Land’s End: A Great Hike In NW San Francisco
San Francisco is a city of many charms, one being the accessibility of nature. Most people rave about Muir Woods or Mt. Tamalpais, but in fact, you don’t need to cross a bridge to have a fantastic hike. With lofty bluffs, wind-blown cypresses and hidden beaches, Land’s End can provide hours and hours of (almost) wilderness experience right here in The City.
Start your journey from Point Lobos Avenue. Up the road from the storied Cliff House restaurant, you’ll find the new Land’s End Visitors’ Center, just completed in 2012. It claims to be green in some respect, but it is mostly a gray affair, built in the cement and bare timber postmodern-woodsy style.
Like most visitors’ centers, it is recommended that you do not enter unless you need to use the bathroom, and instead proceed directly to grand outdoor world beyond.
On your left, follow the stairs down to explore the ruins of the old Sutro Baths. No, you don’t have to go to Anatolia to explore the ruins of ancient baths!
Built in 1896 by the Prussian immigrant turned one-time mayor of San Francisco and inveterate civic booster Adolf Sutro, the baths evoke a bygone era of leisure and public grandeur. In the 19th century, one could ride a trolley from downtown San Francisco to the still-wild coastal locale for 5 cents. The baths served the San Francisco public until they burned down in 1966.
Just beyond the baths, stop by Point Lobos, named for the lobos marinos — sealions — that once resided there. Now that original colony has moved around to the north side of the city, where it is still a tourist favorite at Pier 39.
Here is the westernmost point in The City, the reason for the name “Land’s End,” which is an echo of the more famous Land’s End in Cornwall, England. That Land’s End is also a westernmost point, with craggy bluffs, but instead of lovely nature hikes, it is privately owned, and has been developed into a theme park of sorts. This comparison serves to re-emphasize the wisdom of our leaving the British Commonwealth.

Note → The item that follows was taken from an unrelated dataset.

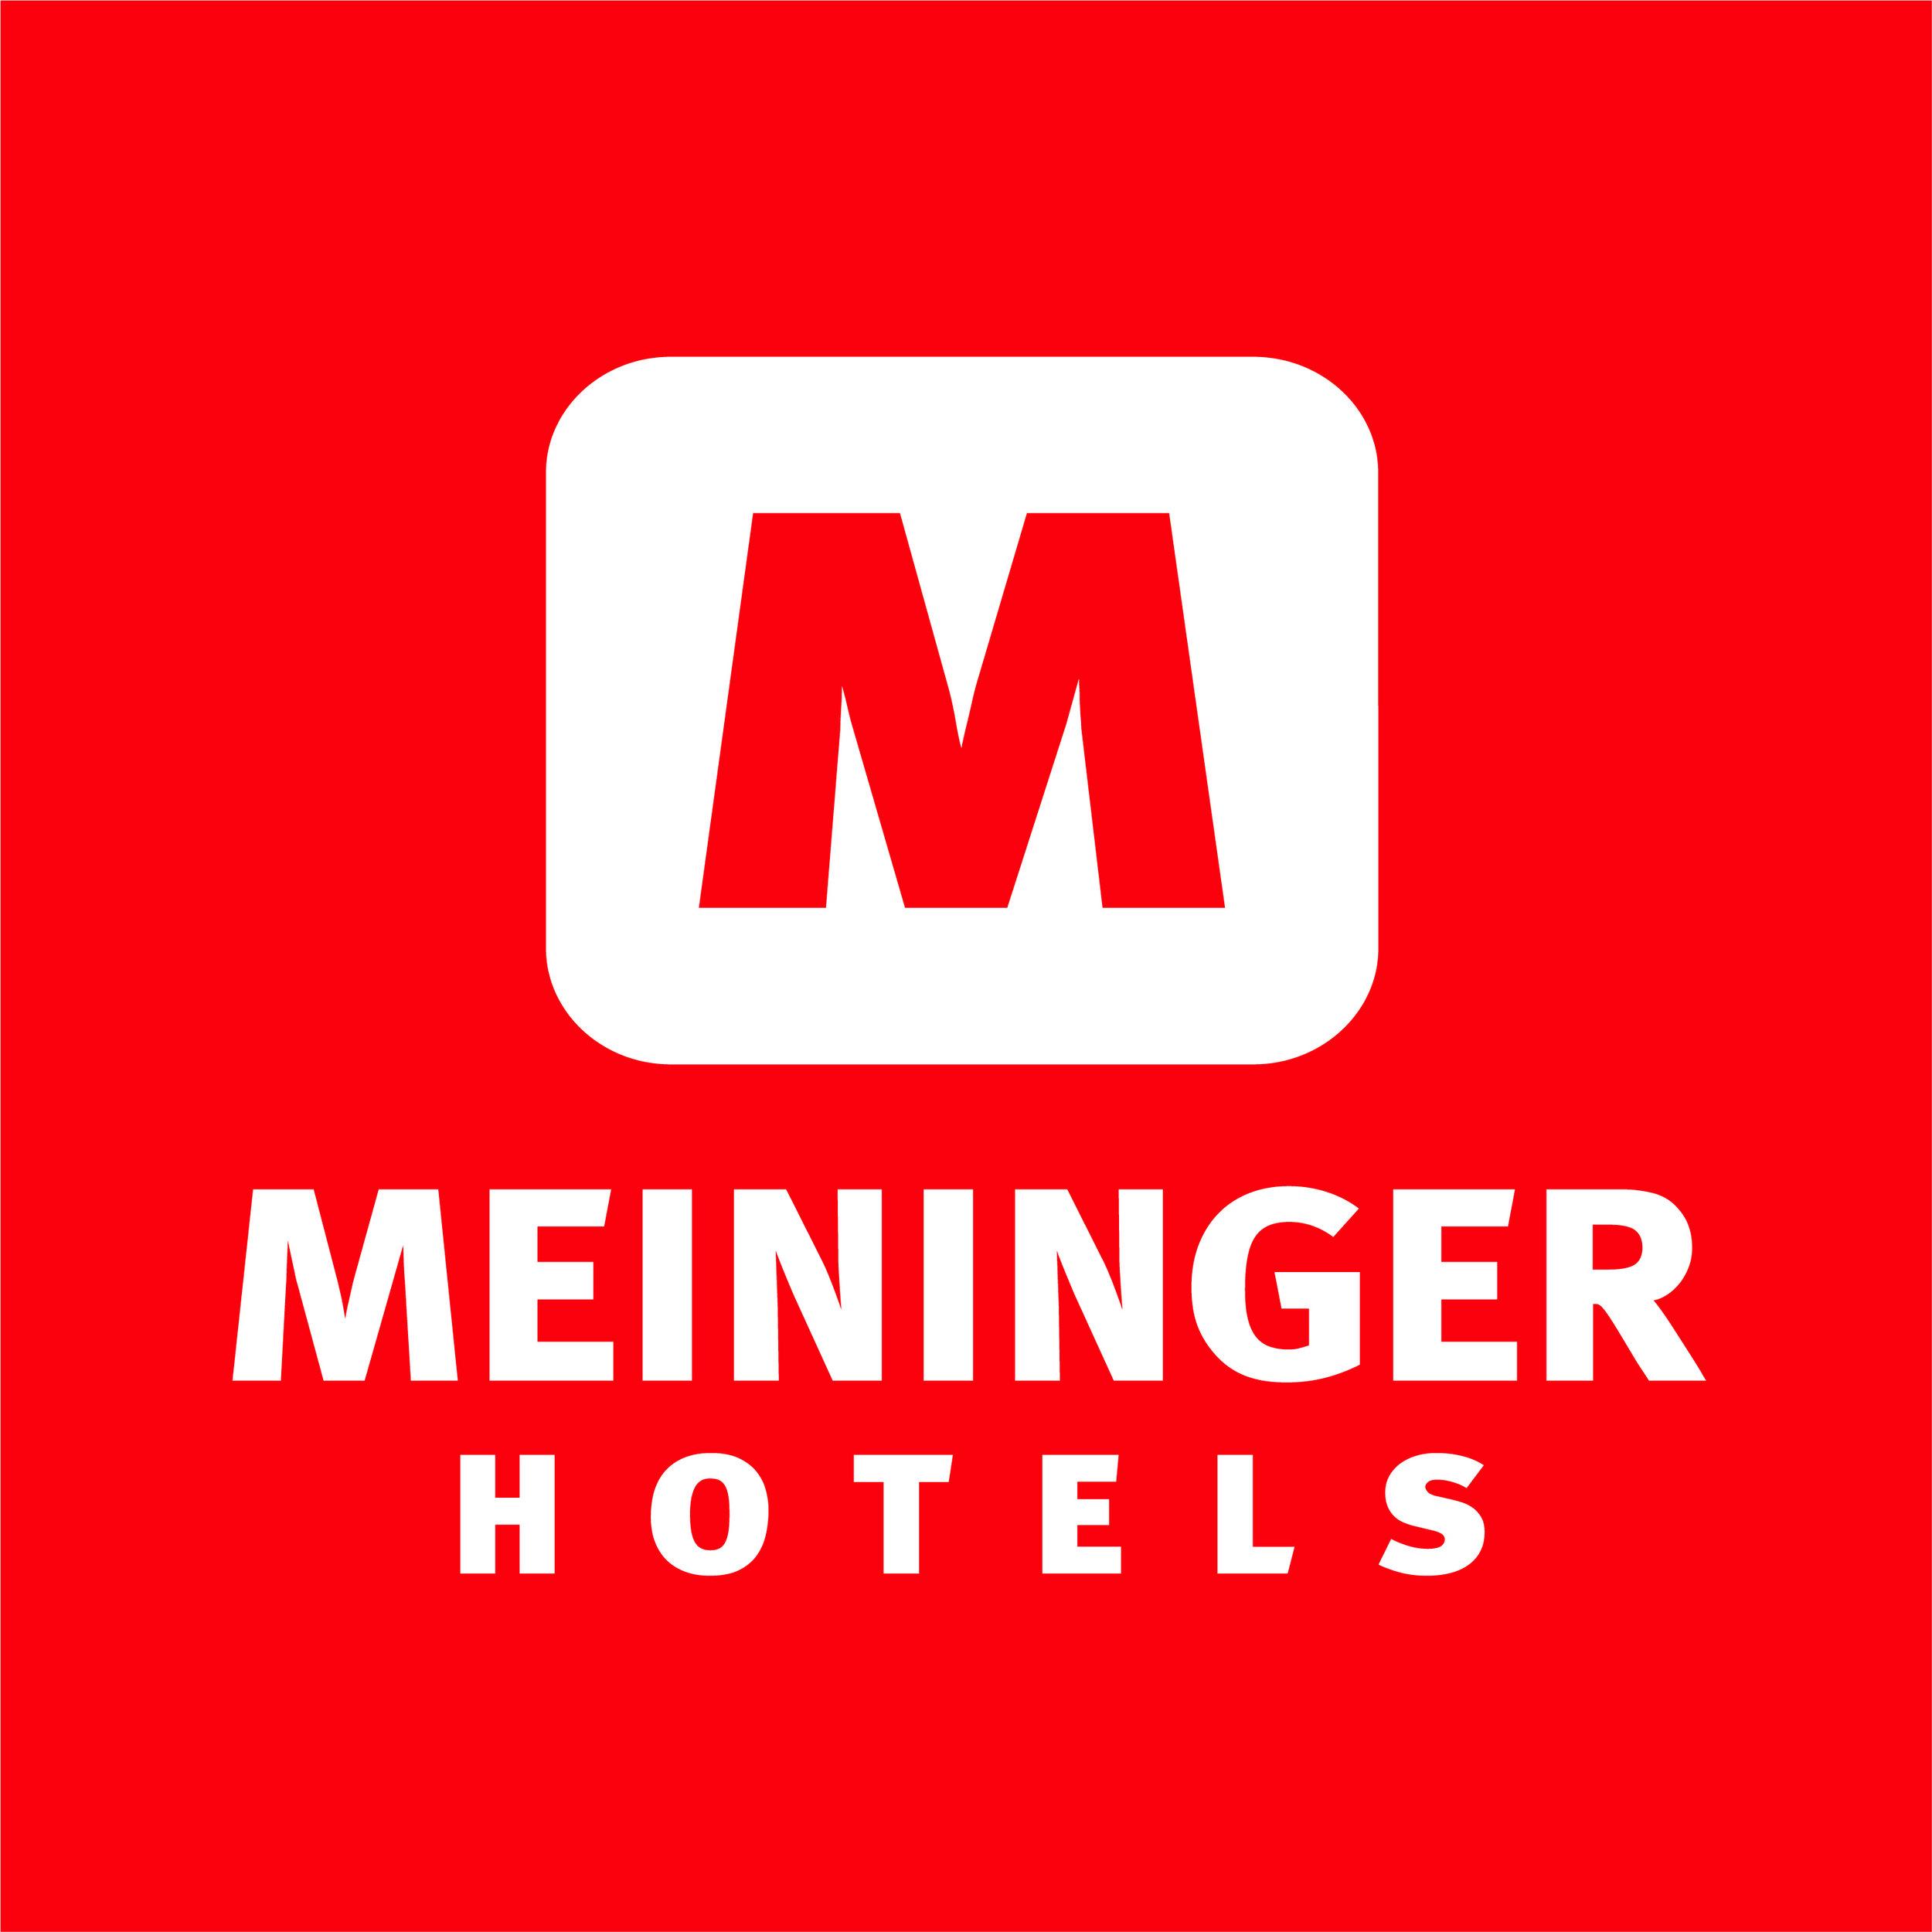 MEININGER_Hotels_Logo_Box_Red_BG.jpg

Continuing north, regain the bluff and the wide path through a recently restored native plant meadow. The trail here follows the old railroad bed of a long abandoned trolley line. Soon the greatest treasure of Land’s End will be yours: the illusion that you are miles and miles away from the hustle and bustle of the metropolis.
Look out across the rolling waves crashing below, look north to the unspoiled Marin coastline, look south and see only crags and rocks awash in sea spray. Linger here in the middle section of the Land’s End trail; bask in the magic of the scene.
As you approach Mile Rock, the crowd will thin out, and the trail will become more rugged. A side path leads down worn steps to a rocky cove. Here, bonfires seem to be burning all day, and big boulders provide the adventuresome with ample opportunity for insecure scrambles above a cold watery fate, if one step proves to be more slippery than calculated.
These same rocks extend seaward, forming treacherous reefs that have been the site of numerous shipwrecks, to which an informational plaque attests. Gaze long and ponder the Conradesque dramas that unfolded here on some tragic foggy morn, and be thankful that your slippery rock episode will leave you only with wet shoes.
Return to the Coastal Trail, which presently wraps around to the north, offering views of the Golden Gate Bridge. As you approach the end of the 3.4 mile (5.5-kilometer) walk, you’ll again start to notice signs of civilization — more people, more cameras clicking and the occasional errant golf ball from the adjacent golf course, golf being the most civilized of all pastimes.
Retrace your steps back to Point Lobos Avenue, or return via the (actually quite beautiful) golf course and the Palace of the Legion of Honor, a lovely hilltop museum that may contain paintings of coastal bluffs almost as beautiful as the majestic Land’s End coastal bluffs just beyond its manicured lawns.